Nigel Collier

Professor of Natural Language Processing, University of Cambridge

Fellow, the Alan Turing Institute

News (5/10/2020): We're hiring for an RA to work on NLP in the Automated Understanding and Alerting of Disease Outbreaks from Global News Media Project (EPI-AI) - please see here Deadline is 6/12/2020.

I have been working in NLP and AI for over 20 years. Before joining the University of Cambridge on an EPSRC Experienced Researcher Fellowship (2015-2020) I spent the early part of my career in Japan (1996-2012). I was a Toshiba Fellow, a postdoc at Tokyo University with Junichi Tsujii and Associate Professor at the newly formed National Institute of Informatics where I led the NLP lab for 12 years before returning to the UK on a Marie Curie Research Fellowship. As an undergraduate I studied for a BSc. in Computer Science at the University of Leeds (1992). I received an MSc in Machine Translation (1994) and a PhD in Computational Linguistics (1996) from the University of Manchester (UMIST) for my research on English-Japanese Lexical Transfer using a Hopfield Neural Network.

My work focuses on natural language processing and machine learning. My research interests are broadly in creating better models for natural language understanding as well as applications with the potential for tangible social impact, for example in the area of global health (see below for the BioCaster and EPI-AI projects) where I am a member of the WHO's Epidemic Intelligence from Open Sources initiative.

For a list of publications please see Google Scholar.

Prospective PhD students: I am always interested to supervise new NLP projects on the PhD in Computation, Cognition and Language.

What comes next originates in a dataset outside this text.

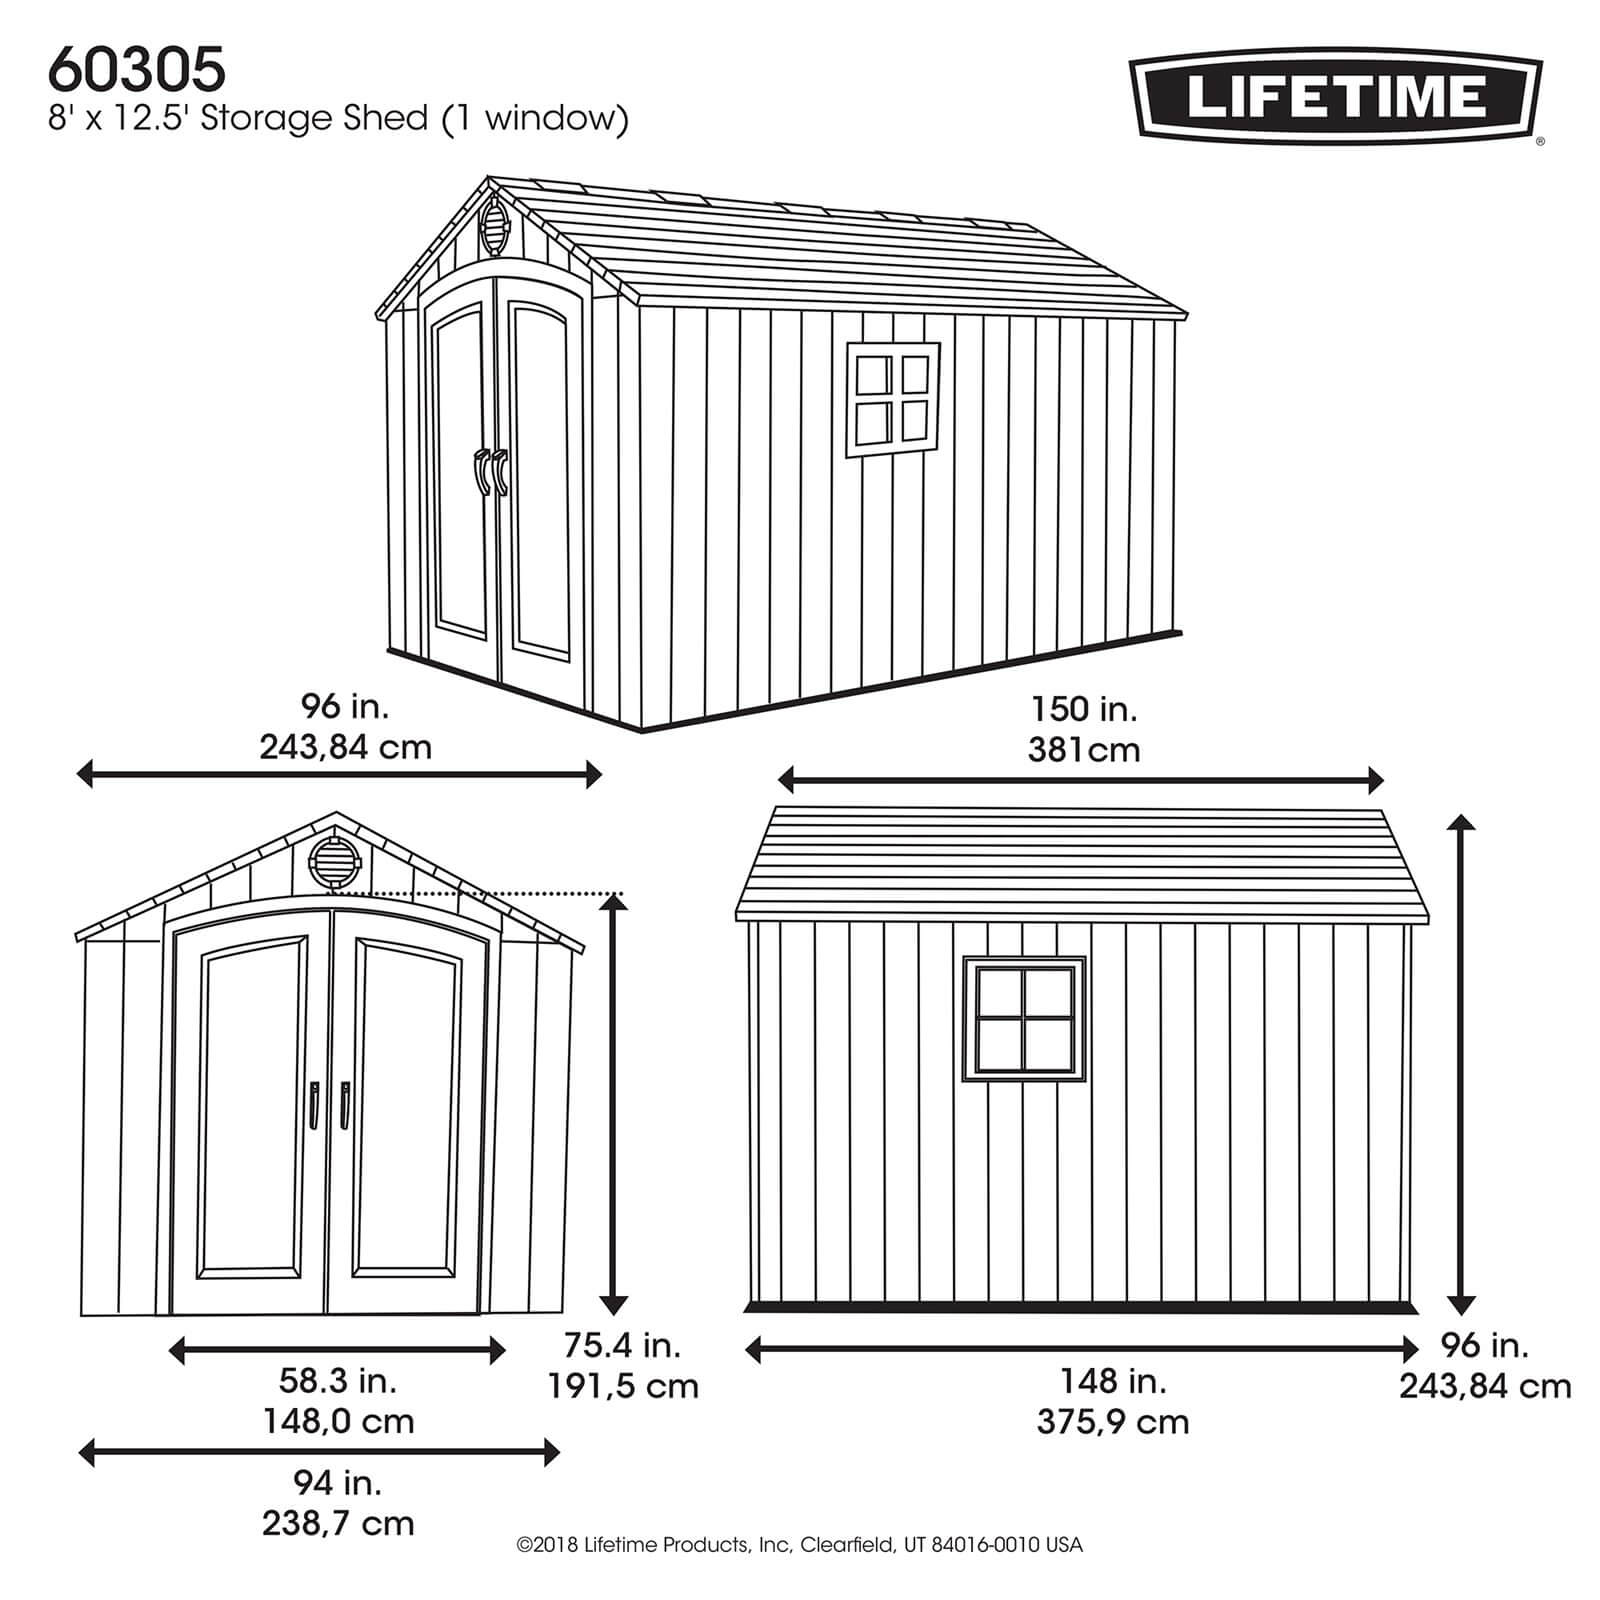 Lifetime 8x12.5 ft Rough Cut Outdoor Storage Shed

Before contacting me please make sure that you meet the minimum requirements and take time to check out my publications. In your email please send a CV with a brief statement of research interests. Please note the application deadline and documents you need to submit with your application.

Enquiries for postdoctoral opportunities are always welcome. When needed I can help explore funding sources for fellowships from UK, EU and other agencies.

Over the years many people have contributed to the research and publications in my lab. Here's a list of current students, postdocs and alumni.

Current projects

2020.2 to 2023.8 ESRC EPI-AI: Automated Understanding and Alerting of Disease Outbreaks from Global News Media (with Professor David Buckeridge and Dr Nick King, McGill University). The EPI-AI project aims to achieve a step change in automated global epidemic alerting using news media monitoring. Teams at McGill and Cambridge universities, in collaboration with national and international public health agencies, are adopting an interdisciplinary approach that combines natural language processing, epidemiology, biomedical informatics and bioethics to address this complex task.

2020.2 to 2024.1 HDR UK Text Analytics Resource (with a consortium of researchers led by Professor Richard Dobson and Dr Angus Roberts, Kings College London).

2020.4 to 2022.3 Alan Turing Institute: Interpretable and Explainable Deep Learning for Natural Language Understanding and Commonsense Reasoning (with Professor Thomas Kukasiewicz, University of Oxford).

2017.9 to 2021.9 Mapping of Rumours and Information Diffusion (with Dr Chryssi Giannitsarou and Dr Flavio Toxvaerd, University of Cambridge).

Selected publications on NLP for epidemic detection and mapping

    • Collier, N., Doan, S., Kawazoe, A., Goodwin, R. M., Conway, M., Tateno, Y., ... & Shigematsu, M. (2008). BioCaster: detecting public health rumors with a Web-based text mining system. Bioinformatics, 24(24), 2940-2941. [pdf]

    • Hay, S. I., Battle, K. E., Pigott, D. M., Smith, D. L., Moyes, C. L., Bhatt, S., ... & Gething, P. W. (2013). Global mapping of infectious disease. Philosophical Transactions of the Royal Society B: Biological Sciences, 368(1614), 20120250. [pdf]

    • Collier, N., Son, N. T., & Nguyen, N. M. (2011). OMG U got flu? Analysis of shared health messages for bio-surveillance. Journal of biomedical semantics, 2(5), S9. [pdf]

    • Kawazoe, A., Jin, L., Shigematsu, M., Barrero, R., Taniguchi, K., & Collier, N. (2006). The Development of a Schema for the Annotation of Terms in the Biocaster Disease Detecting/Tracking System. In KR-MED. [pdf]

    • Collier, N., Goodwin, R. M., McCrae, J., Doan, S., Kawazoe, A., Conway, M., ... & Dien, D. (2010). An ontology-driven system for detecting global health events. In Proceedings of the 23rd International Conference on Computational Linguistics (pp. 215-222). Association for Computational Linguistics. [pdf]

Recently completed projects

2015.2 to 2020.2 EPSRC SIPHS (EP/M005089/1): I was funded by a 1.2 million 5-year EPSRC fellowship to investigate the Semantic Interpretation of Personal Health messages on the Web (SIPHS) project. This international collaborative effort leveraged social media data for digital disease applications such as detecting infectious disease outbreaks and adverse drug reaction.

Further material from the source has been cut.